Capung, Indikator Air Bersih & Lingkungan Sehat
Capung sebenarnya sudah ada sejak jaman dinosaurus hidup. Tidak seperti dinosaurus yang punah, capung masih tetap bertahan hidup sampai sekarang. Ia mempunyai daya adaptasi yang baik sehingga bisa hidup dimana saja kecuali di kutub. Serangga purba ini termasuk dalam keluarga Odonata dan mempunyai dua jenis yang paling sering kita temui yaitu capung besar (dragonfly) dan capung jarum (damselfly). Capung jarum bentuknya memang seperti jarum, jauh lebih kecil daripada capung besar dan biasanya hanya terdapat di dekat aliran air. Perlu lebih cermat dan teliti untuk melihat capung jarum yang lebih suka berteduh di balik daun. Perbedaan lain yang menyolok adalah bentuk mata dan posisi sayap. Mata capung besar seperti mata lalat menyatu di tengah sedangkan capung jarum mempunyai mata yang terpisah dan berada di sisi-sisi samping kepalanya. Capung jarum selalu hinggap dengan sayap tegak menyatu di atas punggung, lain dengan capung besar yang membentangkan sayapnya ke samping saat hinggap.

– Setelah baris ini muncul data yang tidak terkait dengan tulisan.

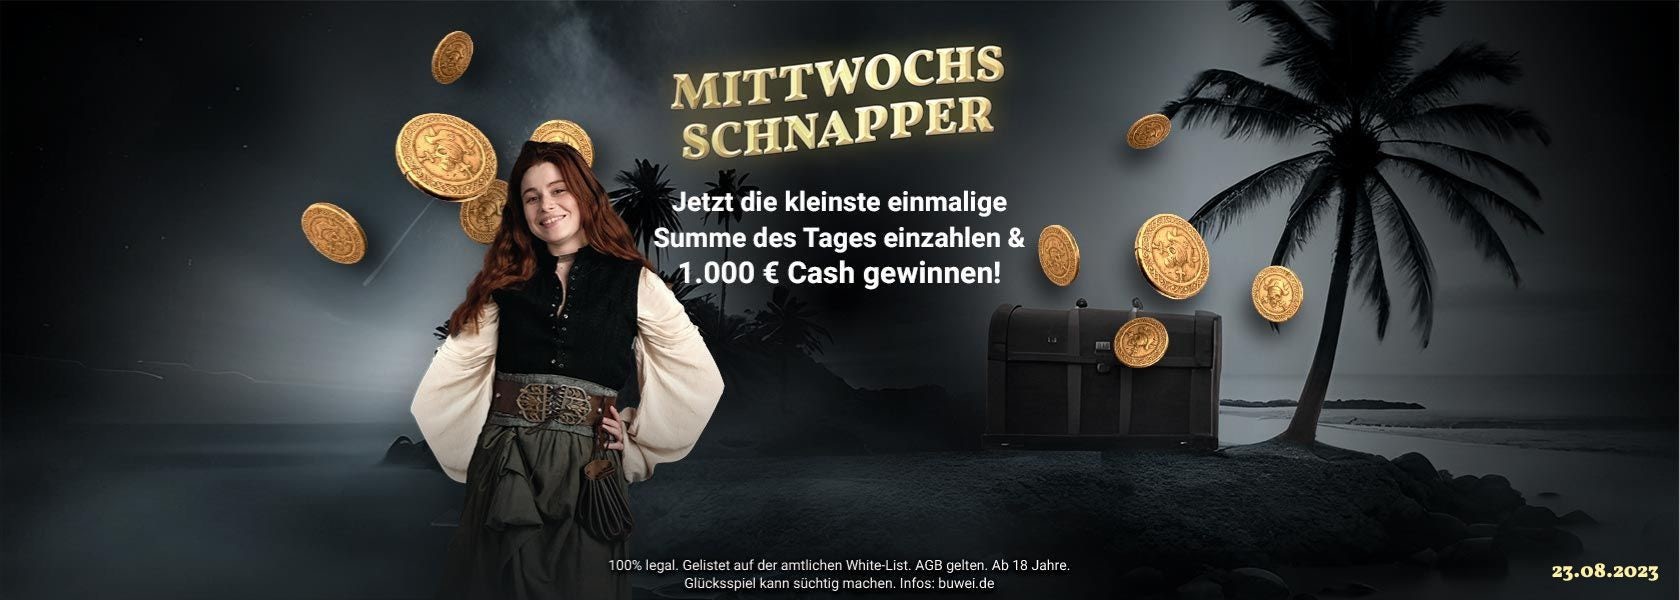 jackpotpiraten-titelbild-mittwochs-schnapper-230823

Persamaannya adalah sebagai keluarga Odonata keduanya selalu memukau baik dari warnanya yang indah dan beragam maupun karena capung adalah serangga dengan rekor terbang tercepat . Capung mampu terbang dengan gerakan sayap yang dinamis dan dengan kecepatan rata-rata 30 – 60 km/jam namun ada jenis yang mampu terbang hingga 90km/jam. Igor Sikorsky, penemu helikopter, belajar dari pergerakan sayap capung tersebut sehingga ia dapat menciptakan model helikopter.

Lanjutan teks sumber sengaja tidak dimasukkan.